IMO, fivebells. You are totally entitled to have your POV and interpretation.
Are you saying, "People with high cholesterol SHOULD be taking statins to reduce their risk of bad heart things happening to them?"
Please notice NOBODY else is saying people with high cholesterol SHOULD be taking statins SIMPLY because they have high cholesterol.
I bet every fact on that page is backed by convincing statistical data. Is there anything in particular on that page which you'd like me to look into?

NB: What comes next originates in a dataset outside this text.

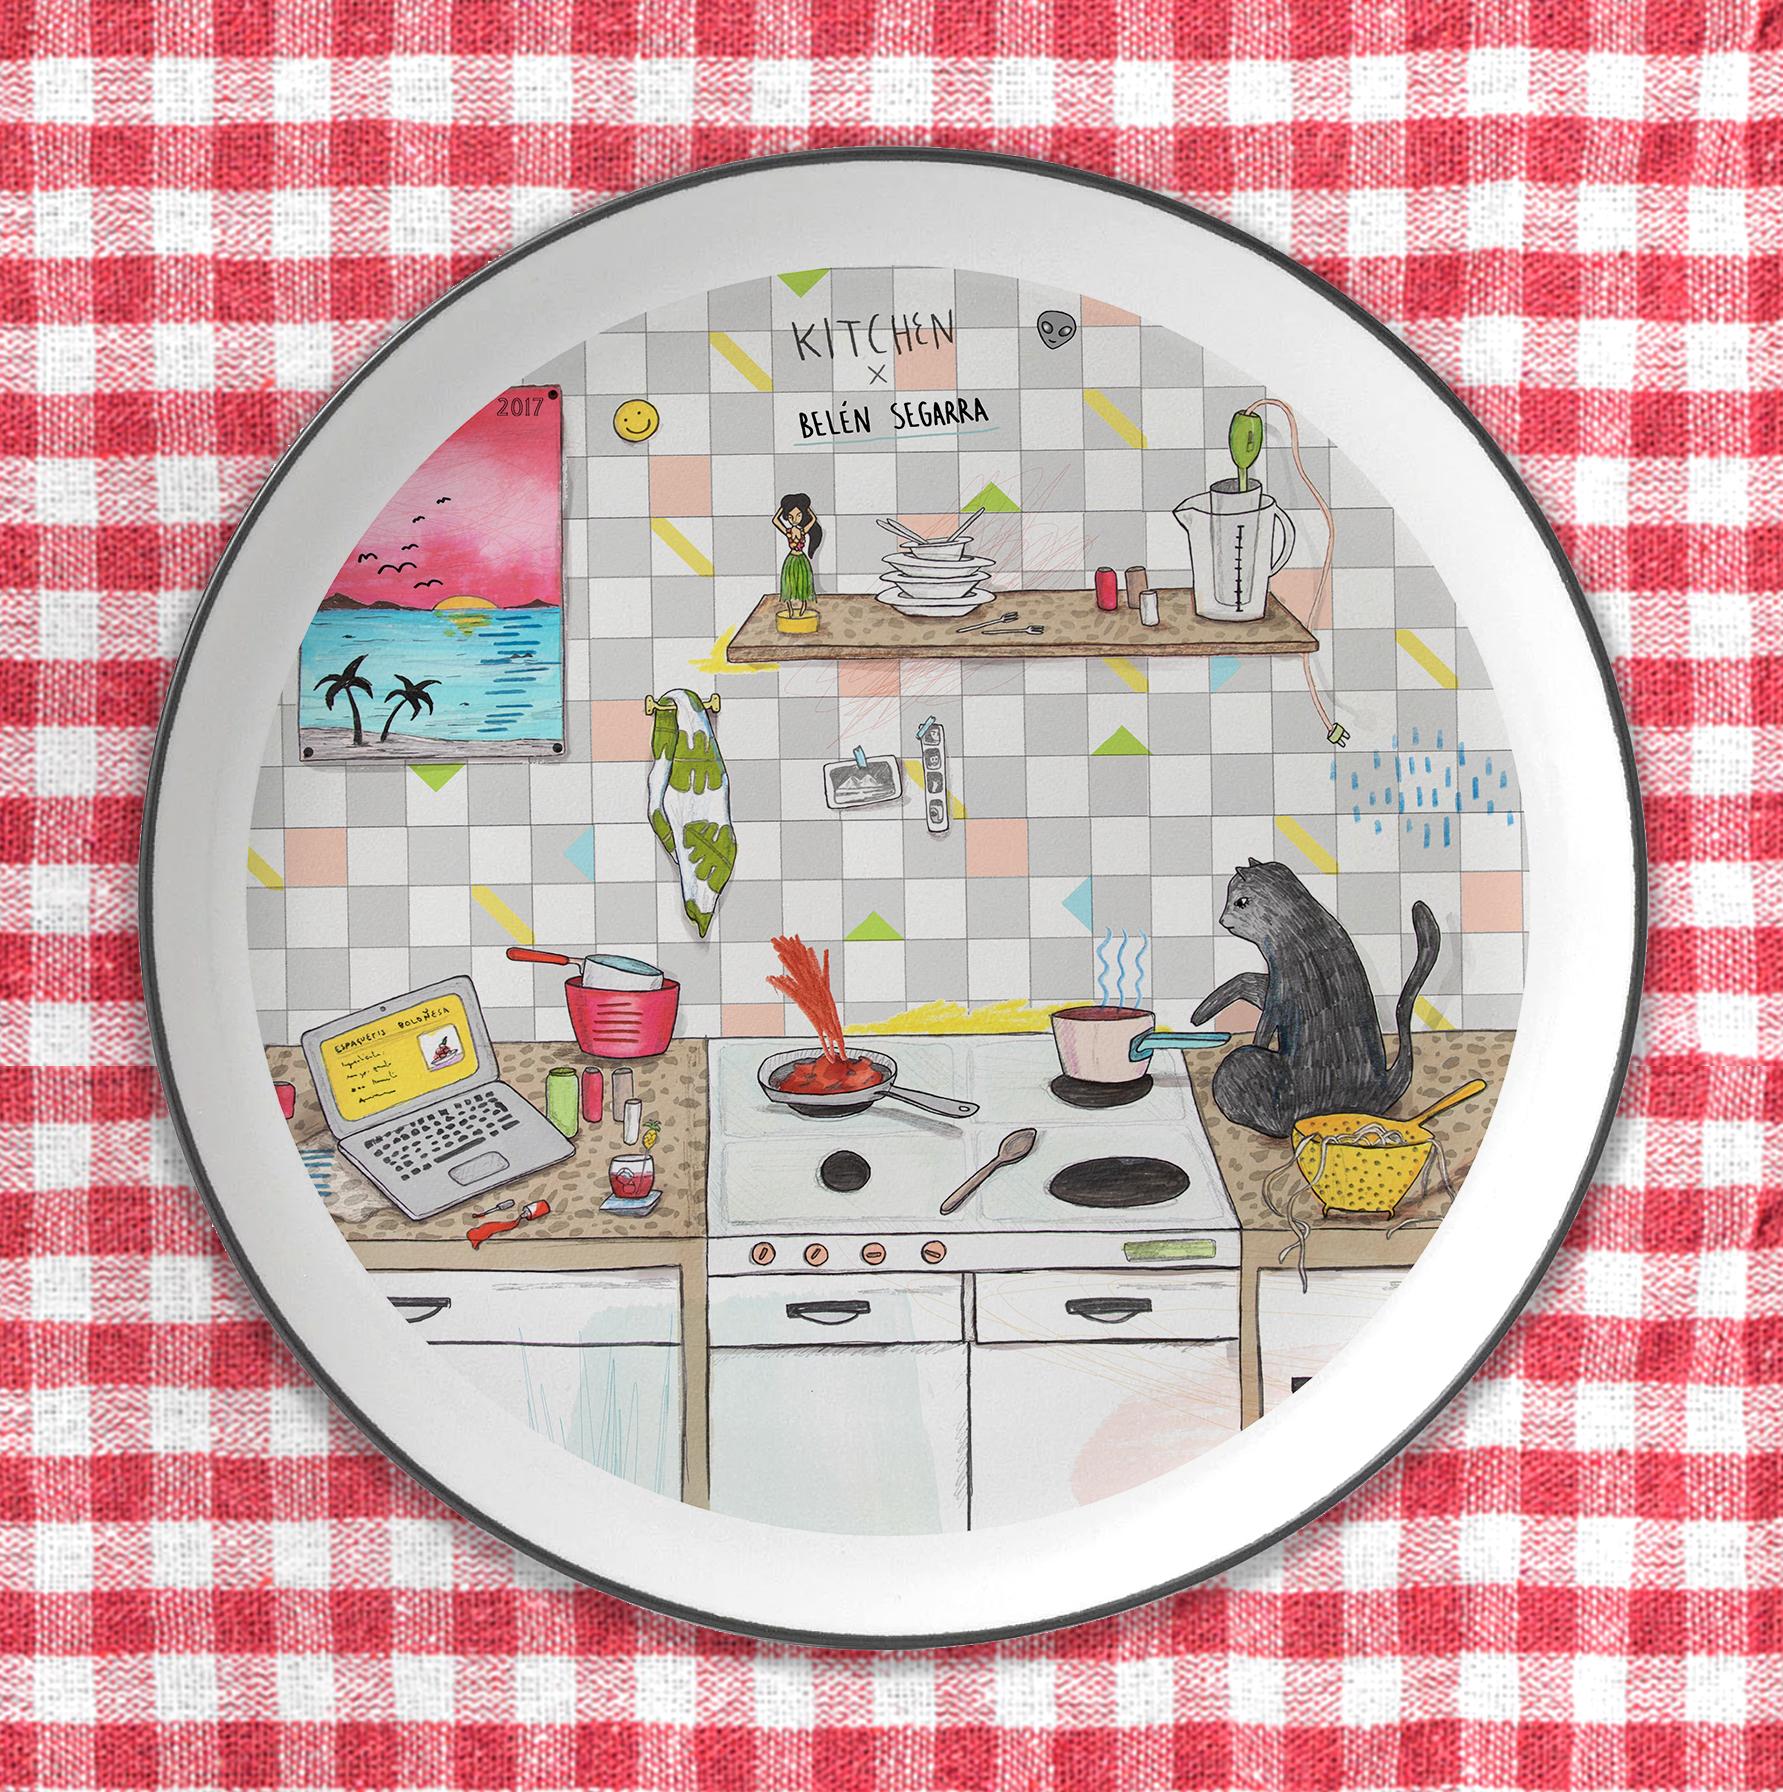 kitchen plato_belen segarra_ cocina

By the way, I have on my harddrive heart disease diagnostics from over 10 000 white USians who participated in a longitudinal study assessing the life-style factors which contribute to atherosclerosis and heart disease. At the moment, I am looking for genetic factors which contribute to heart disease in people with elevated triglyceride levels. I'm not talking out of my ass, here. You're excluding important context, Roger. I assume this is the page you're quoting from. The paragraph before the one you quote above is "Along with diet and exercise, LIPITOR is proven to lower "bad" cholesterol by 39%-60% (average effect depending on dose)." The sentence you quoted starting with "And LIPITOR, along with diet..." is saying that in addition to lowering cholesterol, it is also effective in the face of those other other risk factors for heart disease. (I completely agree that they are probably over-reaching there.) That's meaningless without the algorithm they use to make a decision from those factors. We've already established that everyone agrees people should try to reduce cholesterol by diet and exercise before resorting to cholesterol. No, you're going to lose this argument because this is what I think about all day for my day-to-day work, and there are boatloads of epidemiological evidence contradicting your claims. I have no connection to drug companies; I work in academia as a postdoc. My salary is nothing to get excited about, and not one cent comes from a commercial source. HAHAHA. But I'm still WRONG, right? HAHAHA. The current standard of care is to prescribe statins for people who've failed to reduce their cholesterol levels by diet and exercise. I think that is a sensible prescription which would probably save millions of lives over the next few decades if cardiology continued to be practiced the way it is today. First of all, I don't care what anybody else is saying. I take responsibility for my own beliefs, and evaluate the evidence independently for all beliefs which have an impact on my important decisions. Secondly, A LOT of people are saying that elevated cholesterol indicates prescription of statins: the entire field of cardiology, on the basis of extensive epidemiological evidence.
I am an iconoclast, and I love to look at facts which challenge my beliefs. If you could point me at any clinical or scientific evidence (i.e. something more than just your idiosyncratic interpretation of a marketing website) which casts any doubt on this policy at all, I would be extremely grateful. But what you've shown so far hasn't been very impressive.